Manufacturers still deterred by costs

Although manufacturers know that adopting cobots and safety sensors can benefit their operations, it isn’t easy for them to quickly agree with investing in the technology.

“With the rapid pace of technology introduction and replacement in subsequent intervals of time, fear of existing technology being redundant and installation of long term technology type is poised to be the major challenge of adopting safety sensors by manufacturers,” said Kaitwade.

For manufacturers, the sunk costs and ongoing expenditure associated with the adoption of cobots and upgrading to new prototypes of safety sensors requires further examination.

“The low operating margin for the manufacturers can be considered as a challenge to the growth of the machine safety and sensors market,” said Kaitwade.

For manufacturers in those regions where price sensitivity of product procurement has a considerable weightage over quality and norms of system safety, Kaitwade suggests  skipping the safety sensors and looking for more economical alternatives for system monitoring and control.

Currently, the world’s manufacturing hubs were confined to developed countries such as the U.S., Japan, the countries of the EU, and to an extent China, Kaitwade said. However, he added that with manufacturing companies shifting or expanding their operations base in Asia and Latin America, “this restraint can be offset in the next 5-6 years.” 

Manufacturers should be safety conscious

From the perspective of a sensor company, a safety sensor isn’t something that can be elminated to reduce costs. Although it’s tiny compared to the whole system, it’s actually the safety controller of the entire operation.

“Most designers only focus on the cost of a sensor even if the component has no safety certification. How to educate customers to choose suitable components for an adequate safety system is a short-term market challenge,” said Roger Wang, Senior Service and Product Technical Manager at Pilz Taiwan.
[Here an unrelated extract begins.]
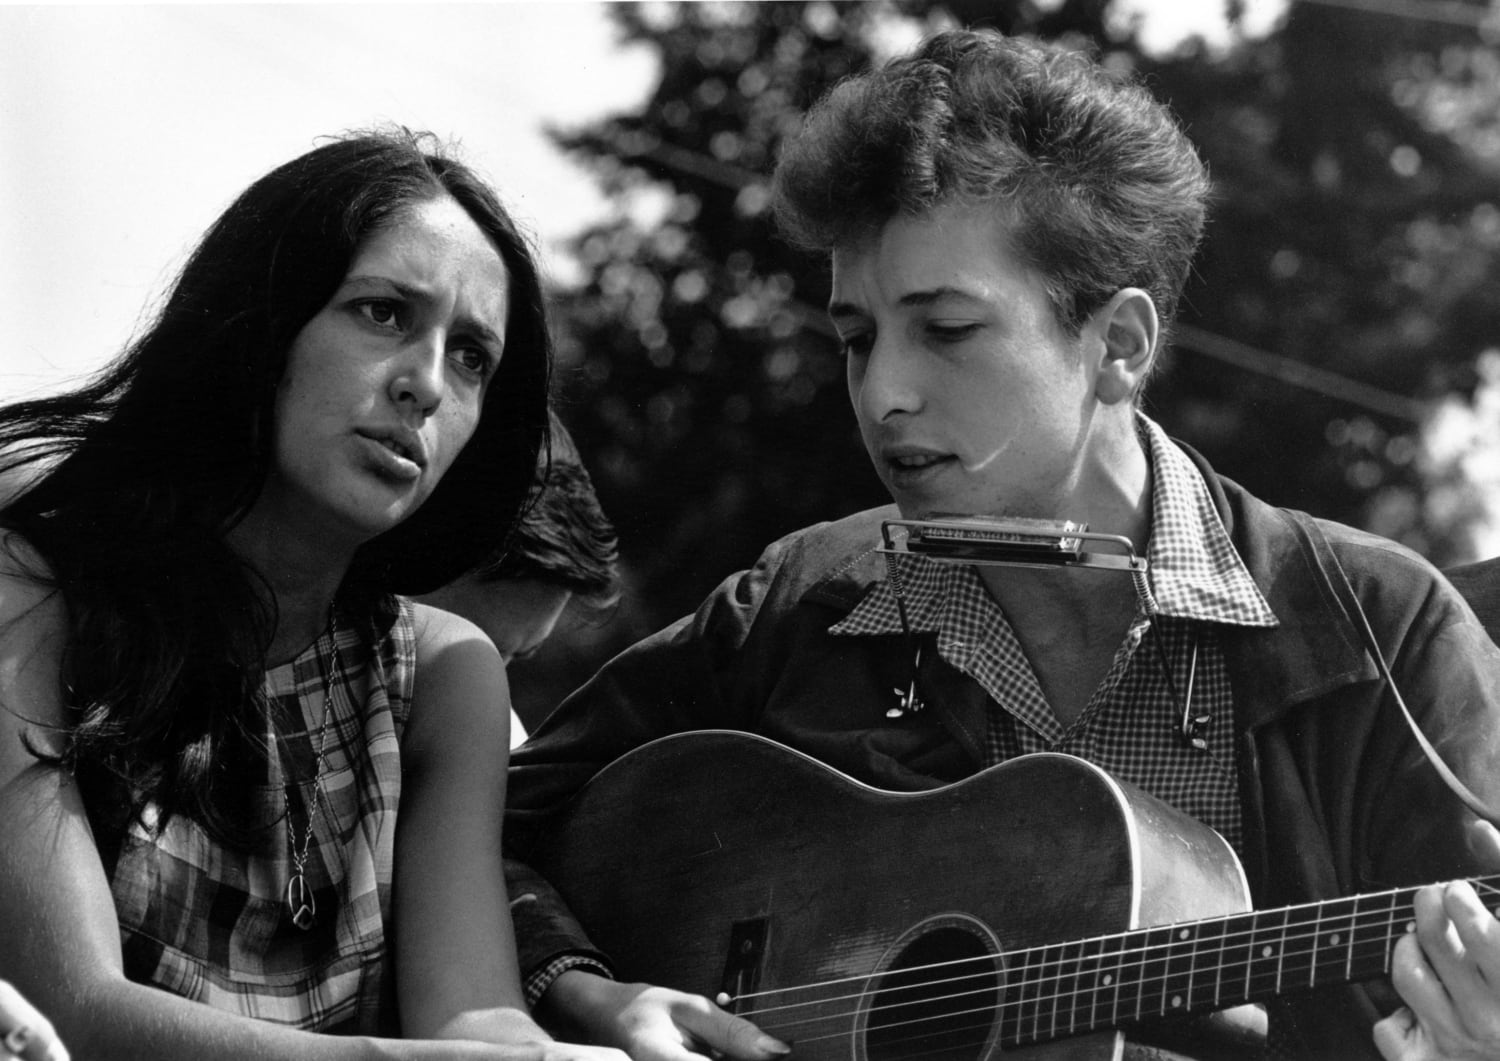 Folk musicians Joan Baez and Bob Dylan at the so-called „March on Washington“ on August 28, 1963. The demonstration with over 200,000 people was one of the highlights of the civil rights movement in the States. Martin Luther King gave his "I have a dream" speech there.

Machine safety for industrial robots is like the health insurance. If a policy holder remains healthy, the cost of insurance is fixed but low. If they get ill, the cost will be much higher. The same applies to manufacturing. Although implementing the right safety sensors costs time and money, the investment is worth it to avoid injuries and downtime.

“Building up safety consciousness is the most important mission in the future,” said Wang. “Due to exportation orientation, machine builders in Taiwan shall upgrade their own safety consciousness and meet ISO and European legislation by inherent safety design.”